When the fluorescent lamp (6) is on and the fluorescent lamp (6)
) is removed from the socket for the purpose of lamp replacement due to the end of its life, etc., and there is no load. At this time, no lamp current flows through the current transformer T2, so no voltage is induced in the secondary winding N2, and the third transistor Tr3 is switched from on to off. As a result, the charge voltage of the capacitor cl of the CR time constant circuit is used to calculate the ricade count IC (
13) is reset and the first transistor T r 1
is turned off, the oscillation of the oscillation circuit (20) is stopped, and abnormal oscillation at no load is prevented.

In the above embodiment, the fluorescent lamp is dimmed in three stages including turning off, but it is also possible to dim the fluorescent lamp in four or more stages by increasing the number of output terminals used by the Licade Count IC. It is.

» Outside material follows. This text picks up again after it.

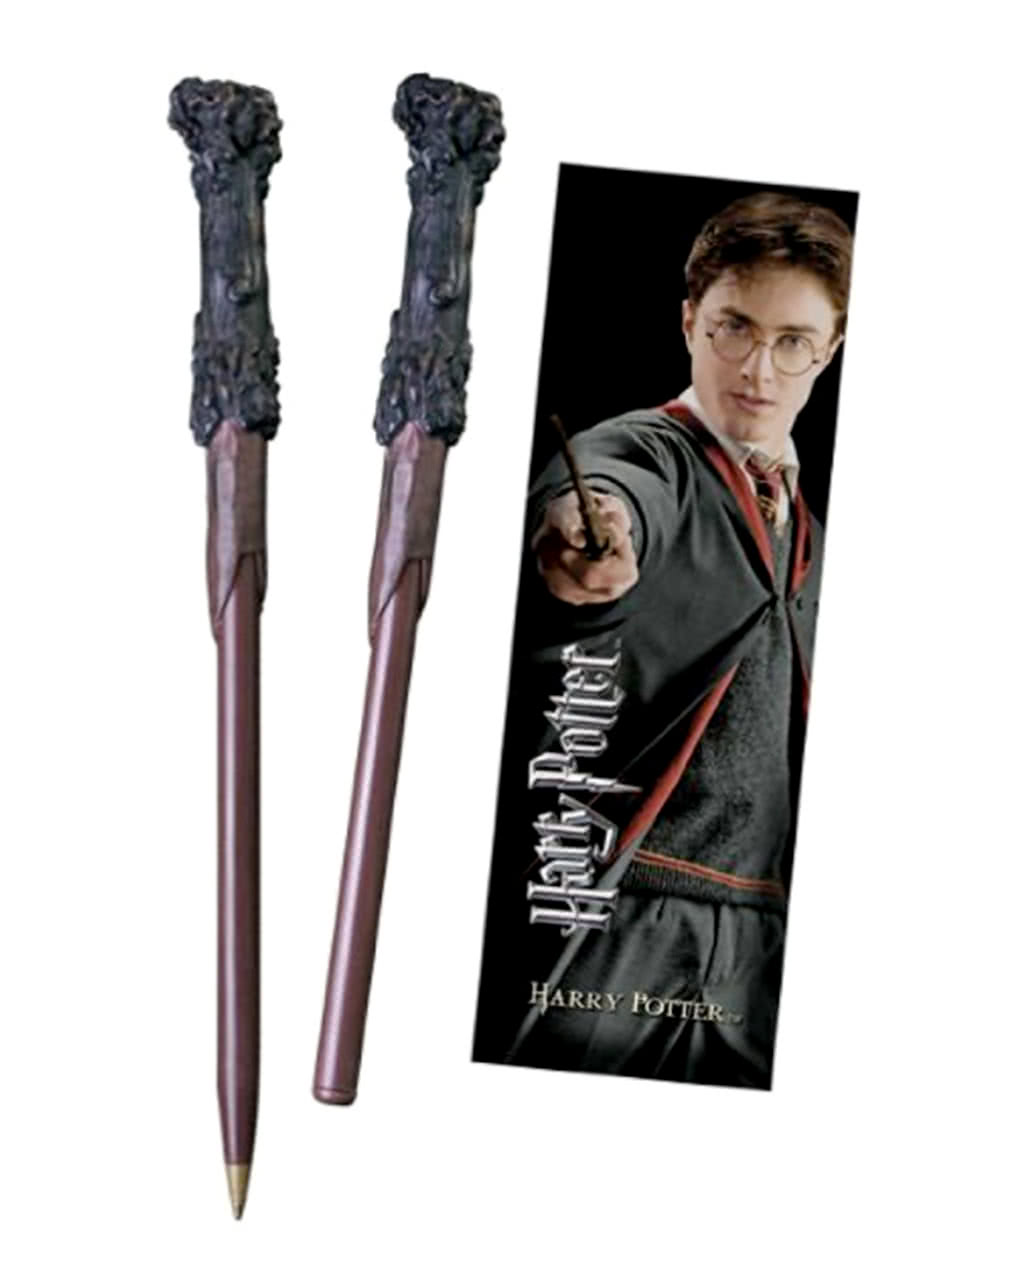 Harry Potter Wand Pen & Bookmark for fans

Also, the counter I of the oscillation circuit
The oscillation frequency of C may be modulated by switching the connection state of a plurality of oscillation capacitors.

[Effects of the Invention] As described above, the present invention uses a timer IC in the oscillation circuit, and the oscillation and oscillation frequency modulation are performed by semiconductor switching elements, so large components can be omitted from the circuit components. , a compact, low-cost, and highly reliable fluorescent lamp lighting device can be realized.

In addition, with the addition of a no-load oscillation stop circuit that stops the oscillation circuit when there is no load, the oscillation circuit will malfunction when there is no load, such as when the fluorescent lamp is removed from the socket for lamp replacement when it is ready to light. Accidents such as damage to circuit elements due to oscillation or electric shock to the sokerato terminal can be prevented, and a safe and long-life fluorescent lamp lighting device can be provided.

[Brief explanation of drawings]

FIG. 1 is a lighting circuit diagram showing an embodiment of the present invention. FIG. 2 is a lighting circuit diagram showing a conventional fluorescent lamp lighting device. (1) - Commercial AC power supply, (6) - Fluorescent lamp, (1
0) --Touch switch, (12) --Signal conversion circuit, (13) --Ricade count IC. (20) --- Oscillation circuit, (21) --- Sequence lighting control circuit, (22)
-・Timer IC. Tr1--manual switching element, Tr2-m-oscillation frequency modulation switching element, (24)-no-load oscillation stop circuit, N2--no-load detection means. Figure 2

Claims (2)

[Claims] (1) A timer IC that oscillates and lights a fluorescent lamp at high frequency when a DC voltage obtained by stepping down and rectifying a commercial AC voltage is applied through an input switching element, and a timer IC
A separately excited oscillation circuit that has an oscillation frequency modulation switching element that switches the oscillation frequency in multiple stages, a signal conversion circuit that generates one clock pulse every time a human body touches the touch switch, and a clock pulse from the signal conversion circuit. Sequence lighting with a recade count IC that outputs each input to a plurality of output terminals in a predetermined order and controls on/off of the input switching element of the oscillation circuit and the oscillation frequency modulation switching element of the timer IC in a predetermined order. A fluorescent lamp lighting device comprising a control circuit. (2) No-load detection means detects the no-load state based on the presence or absence of lamp current flowing through the fluorescent lamp, and when the no-load detection means detects the no-load state, the no-load detection means operates and outputs a reset signal to the Licade count IC. 2. The fluorescent lamp lighting device according to claim 1, further comprising a no-load oscillation stop circuit having a switch circuit for resetting the Licade count IC to an initial state in which an input switching element of the oscillation circuit is turned off.